(Task requirements): Your reply must contain the full listing below, reproduced exactly, but no pictures.

(Recorded data):
___

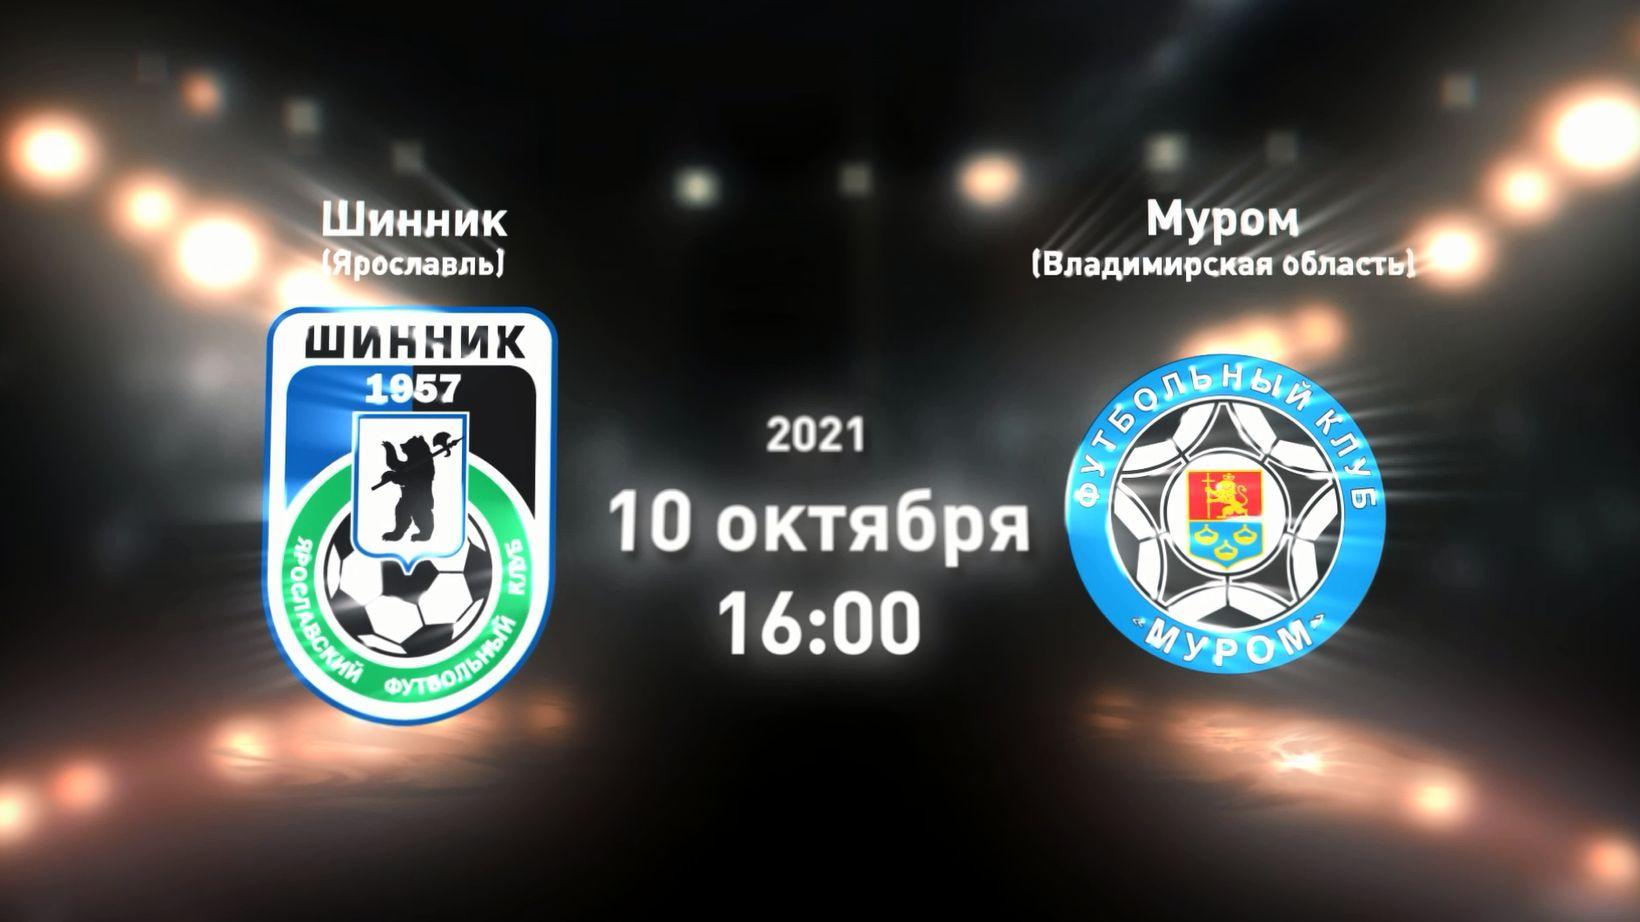 Съемочная группа «Первого Ярославского» посетила тренировку «Шинника» перед воскресным матчем с «Муромом»
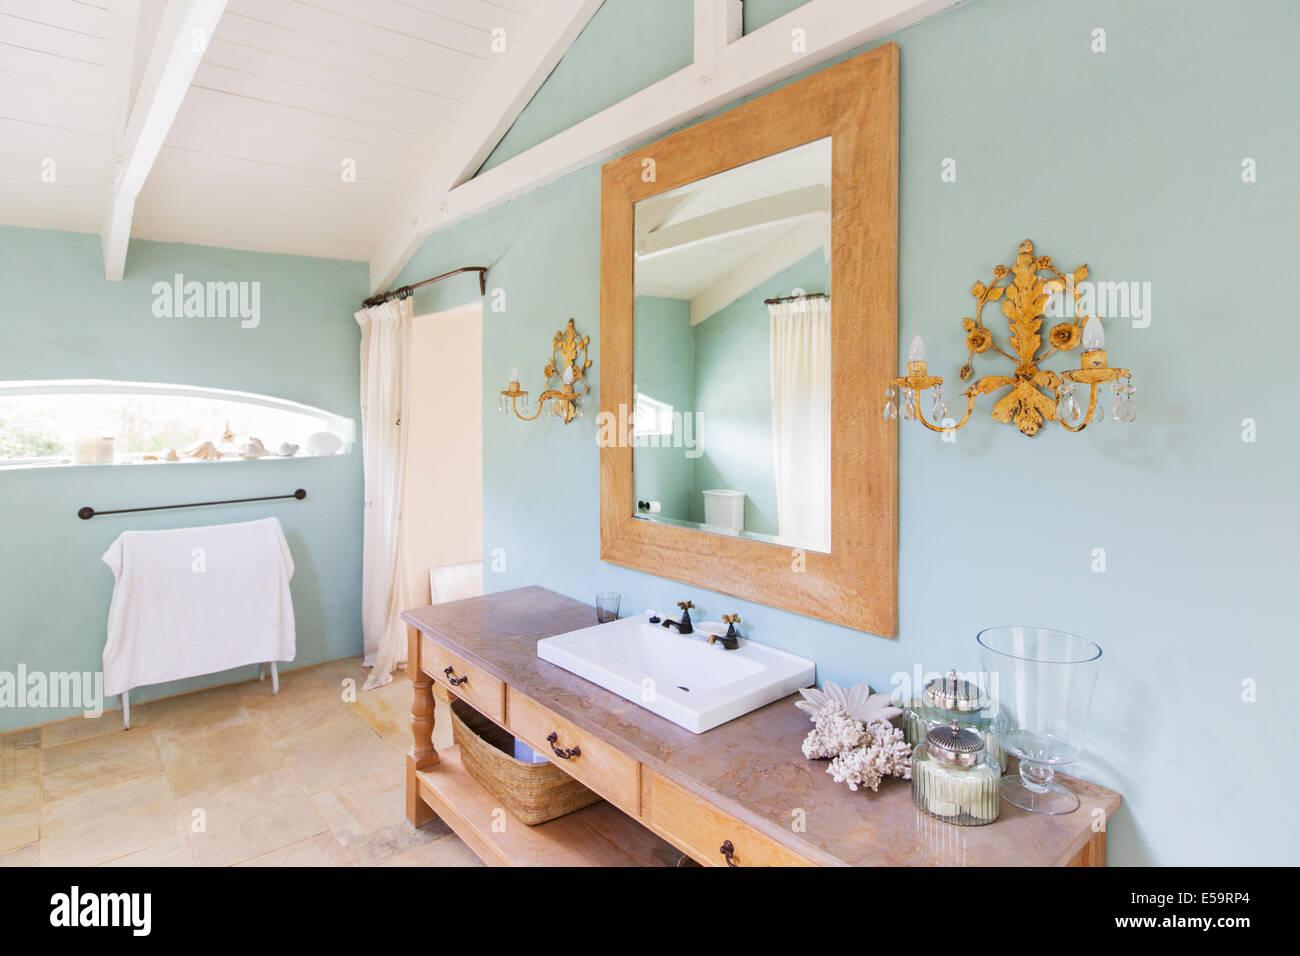 Waschbecken und Spiegel in rustikale Badezimmer Stockfoto, Bild ...
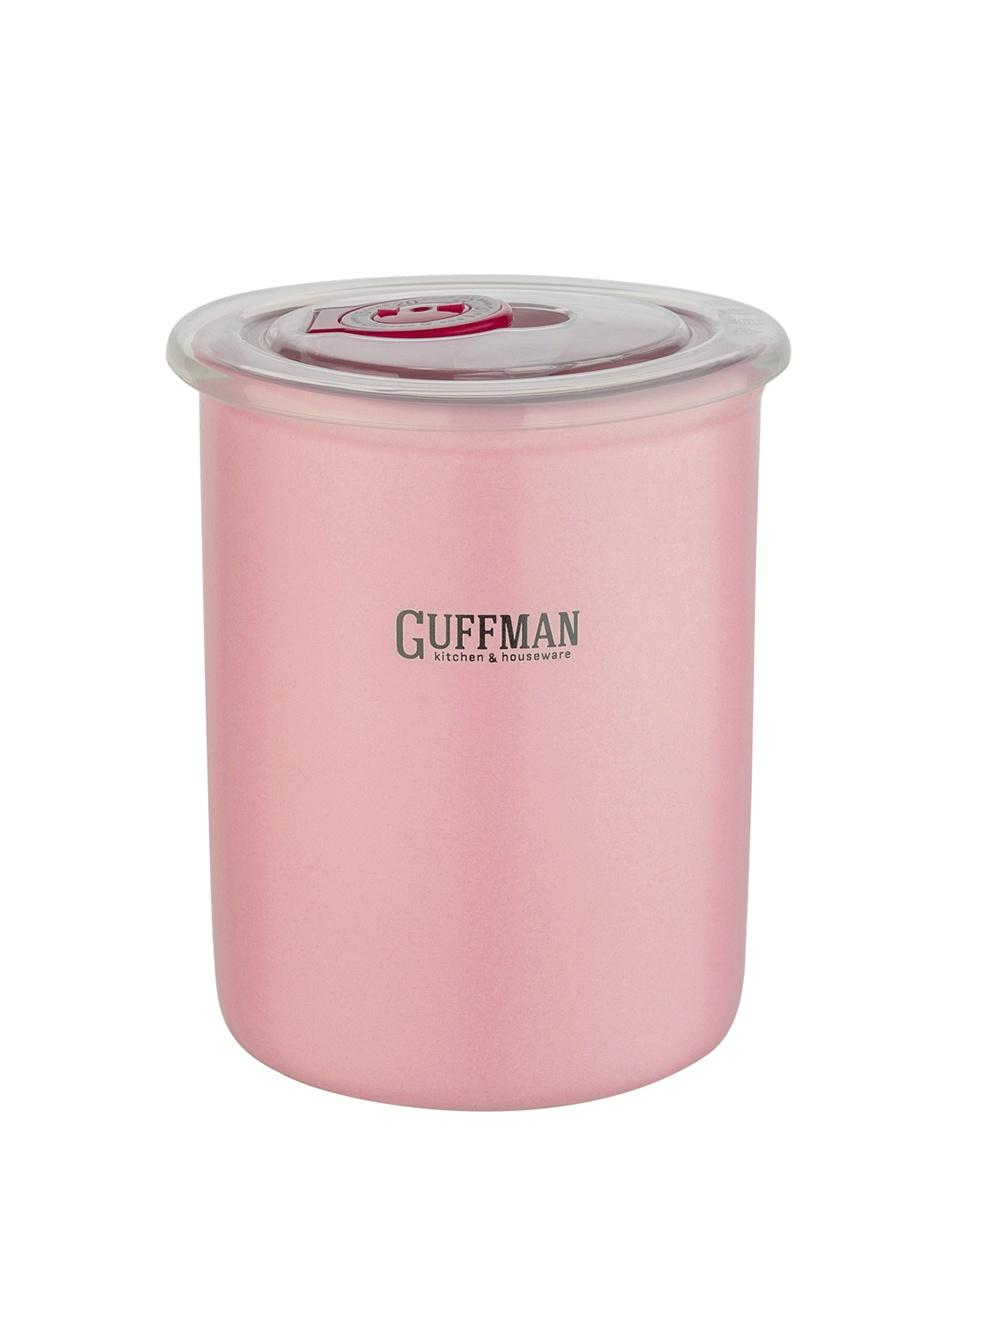 Банка для сыпучих продуктов Guffman Ceramics, розовый все цены
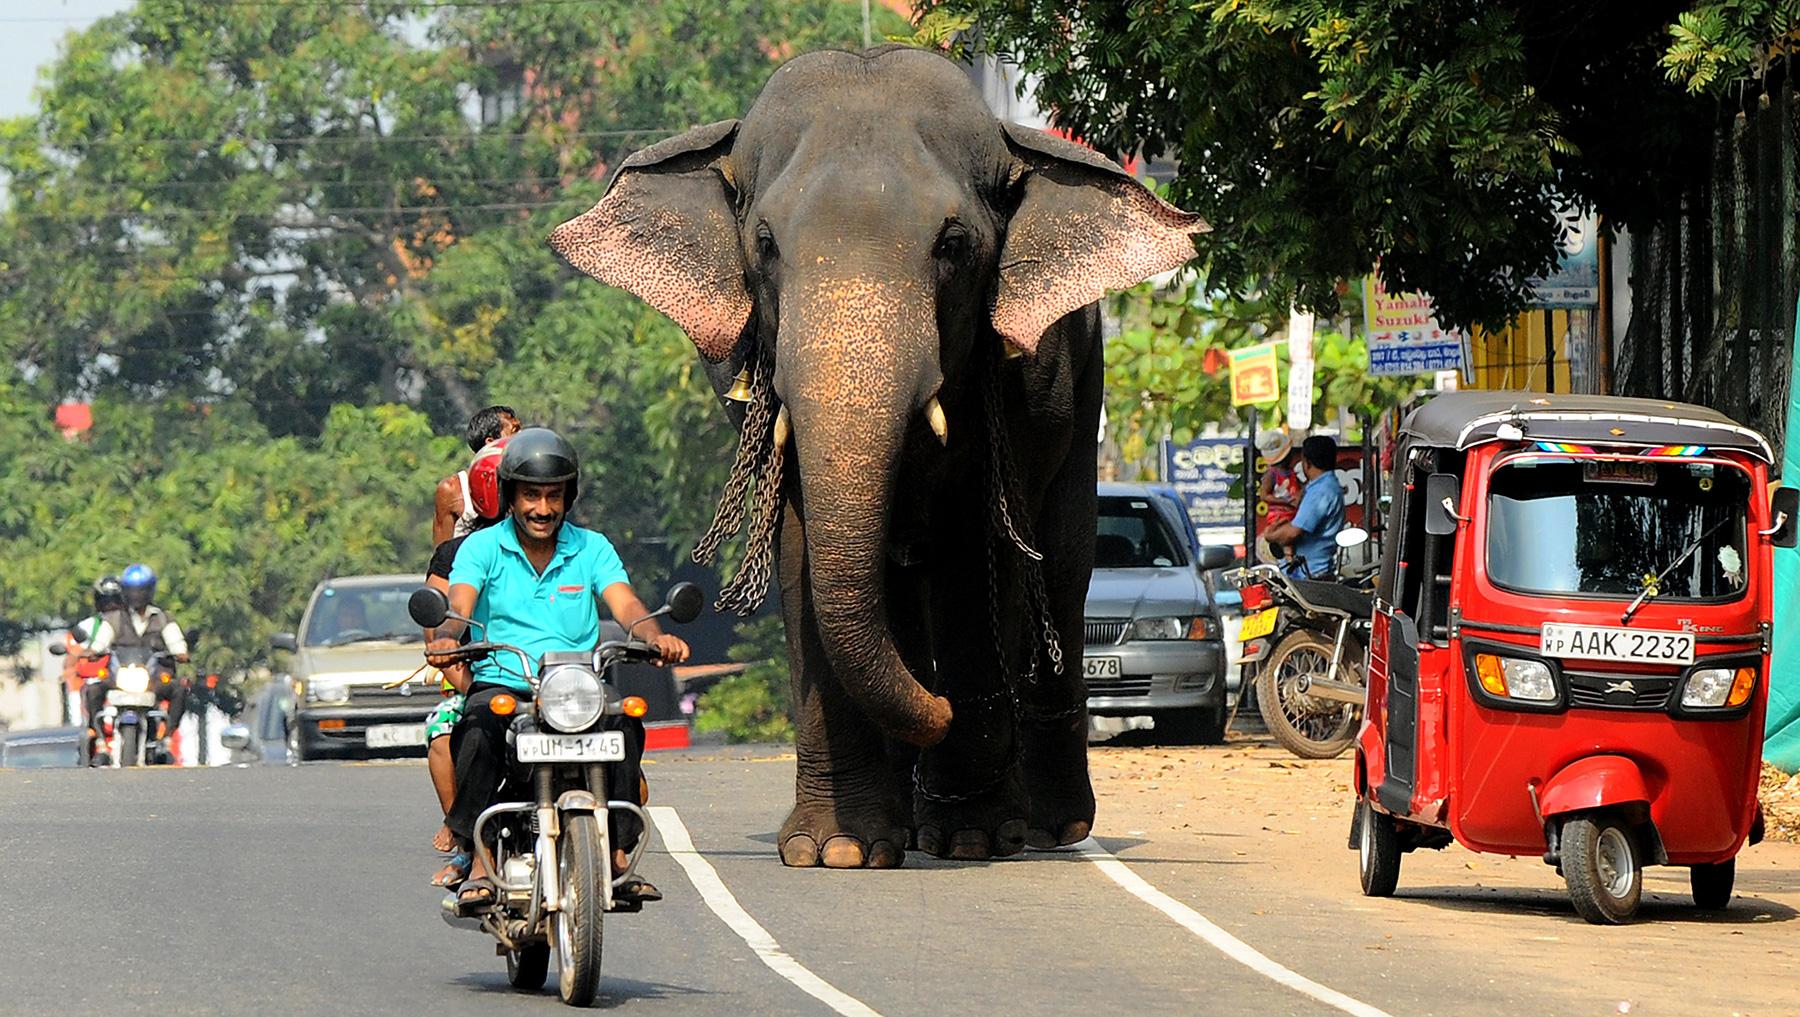 Tour Sri Lanka by Bicycle

___

(Exercise solution):
 Съемочная группа «Первого Ярославского» посетила тренировку «Шинника» перед воскресным матчем с «Муромом»
 Waschbecken und Spiegel in rustikale Badezimmer Stockfoto, Bild ...
 Банка для сыпучих продуктов Guffman Ceramics, розовый все цены
 Tour Sri Lanka by Bicycle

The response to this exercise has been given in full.